» Exercise objective
Only the lines from the one containing "Newstribune-Advertising-Reviews-Pricing" to the end of the data below belong in the answer, each repeated exactly; no pictures.

» Data below
........
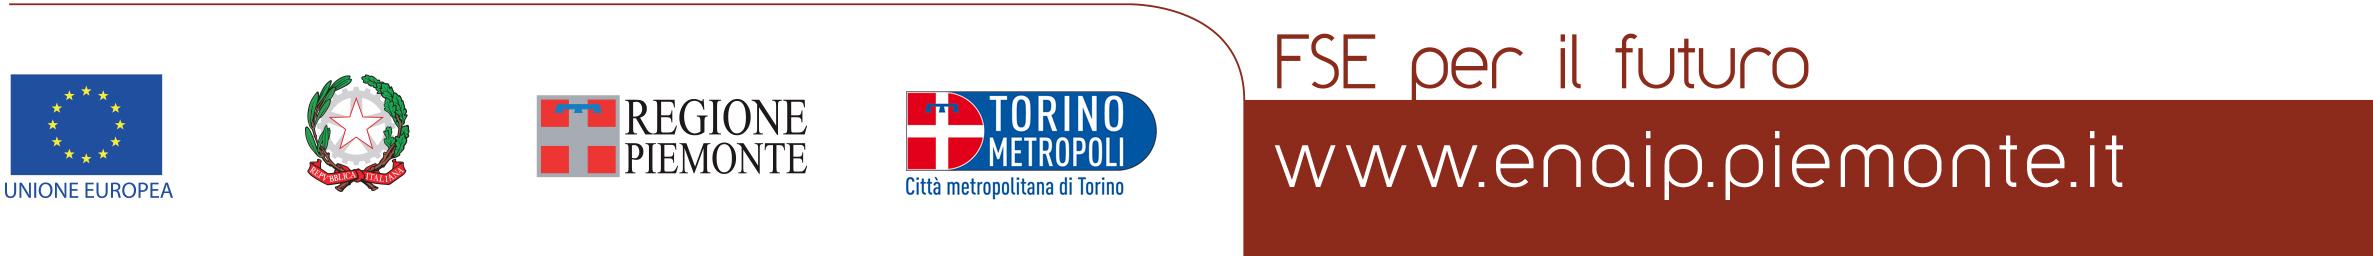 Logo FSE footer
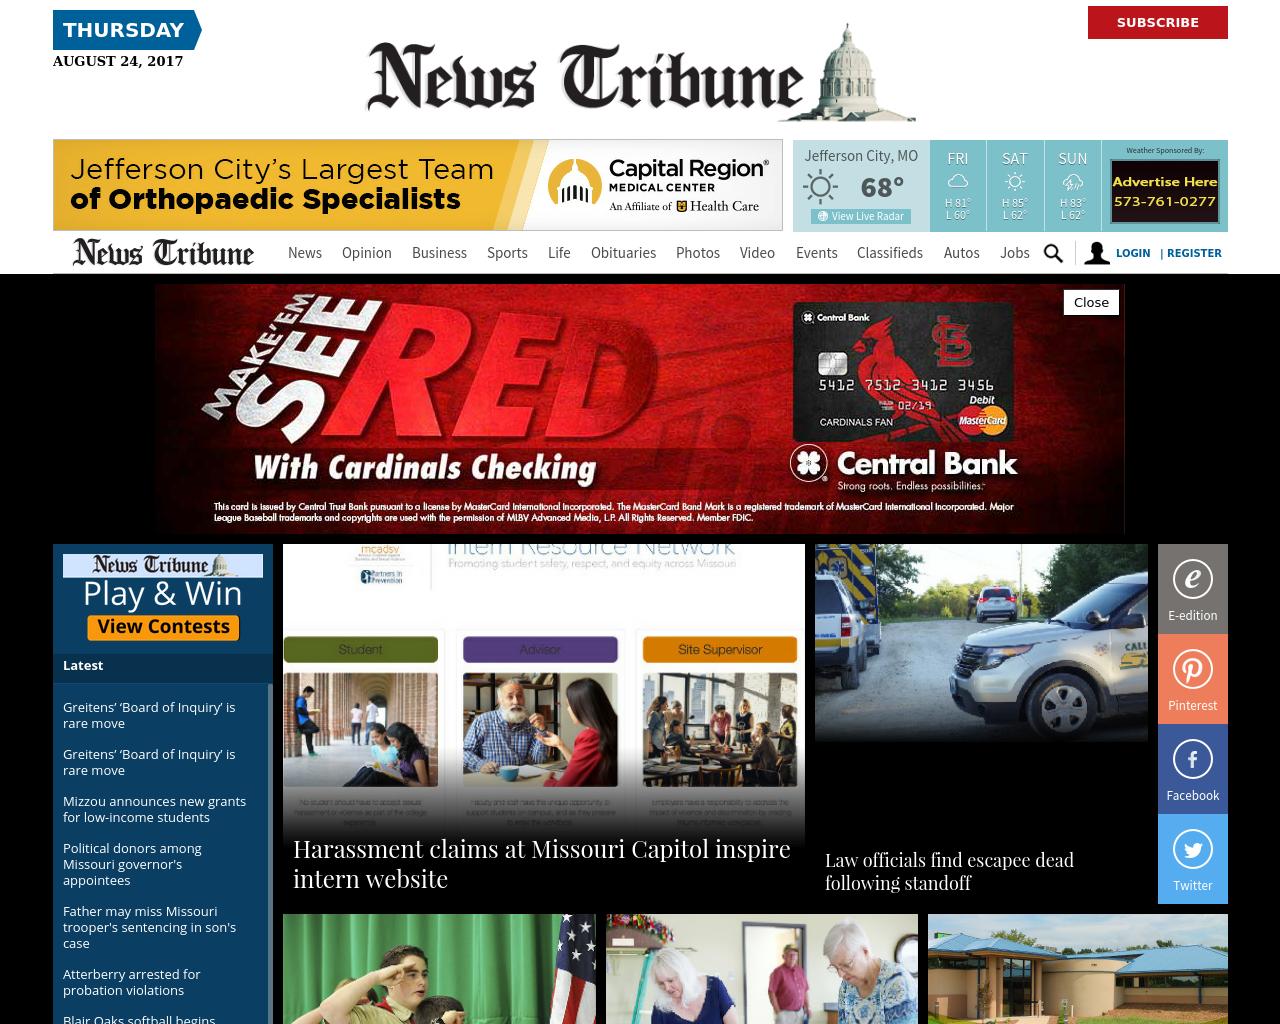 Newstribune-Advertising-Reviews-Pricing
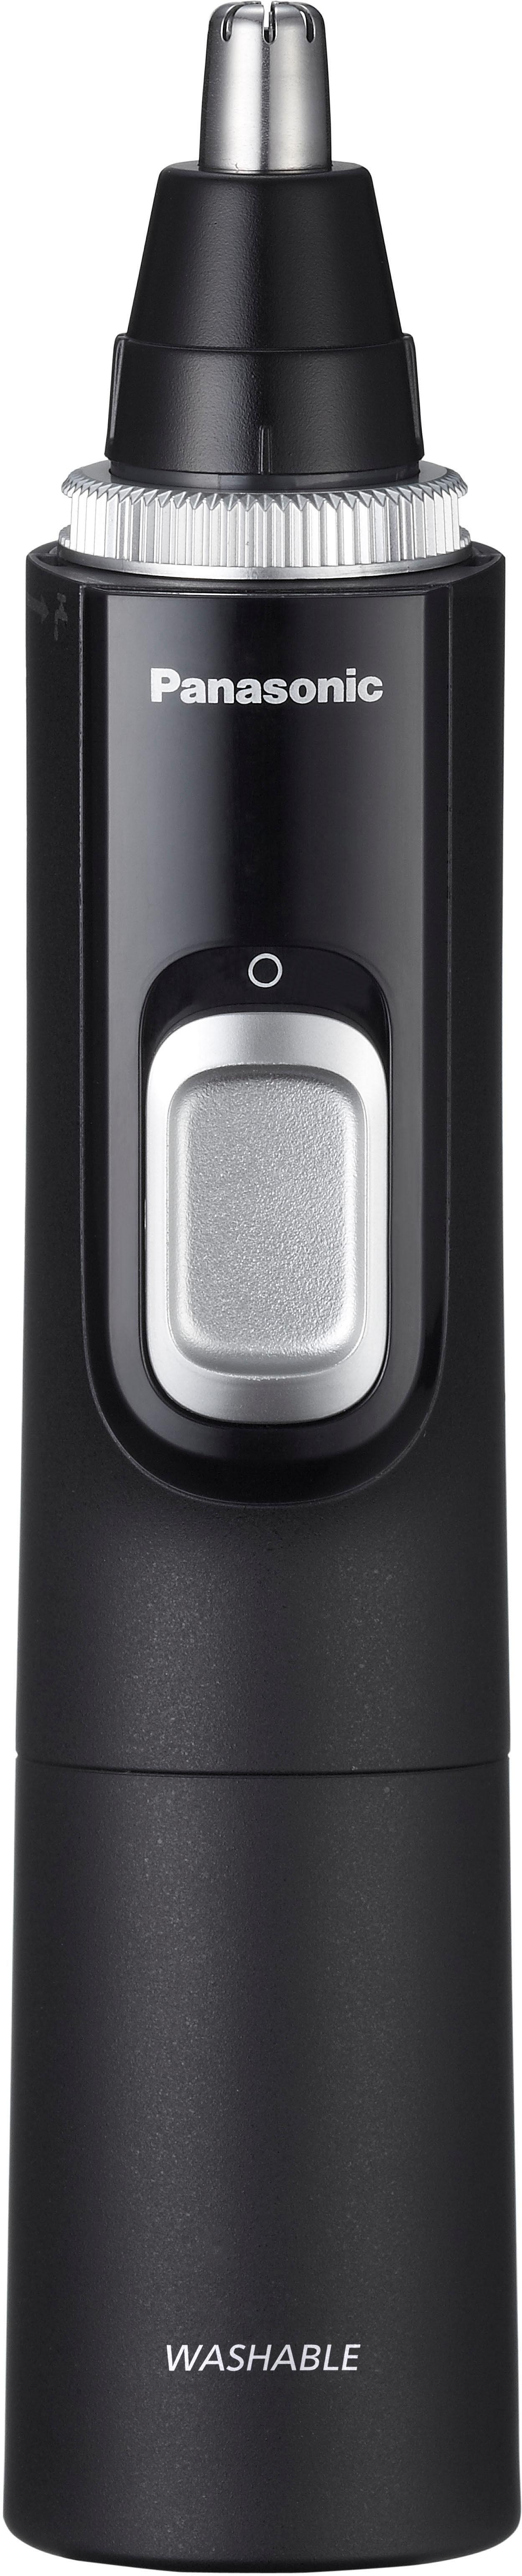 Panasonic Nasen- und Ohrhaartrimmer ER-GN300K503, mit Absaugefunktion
........
» Exercise solution
 Newstribune-Advertising-Reviews-Pricing
 Panasonic Nasen- und Ohrhaartrimmer ER-GN300K503, mit Absaugefunktion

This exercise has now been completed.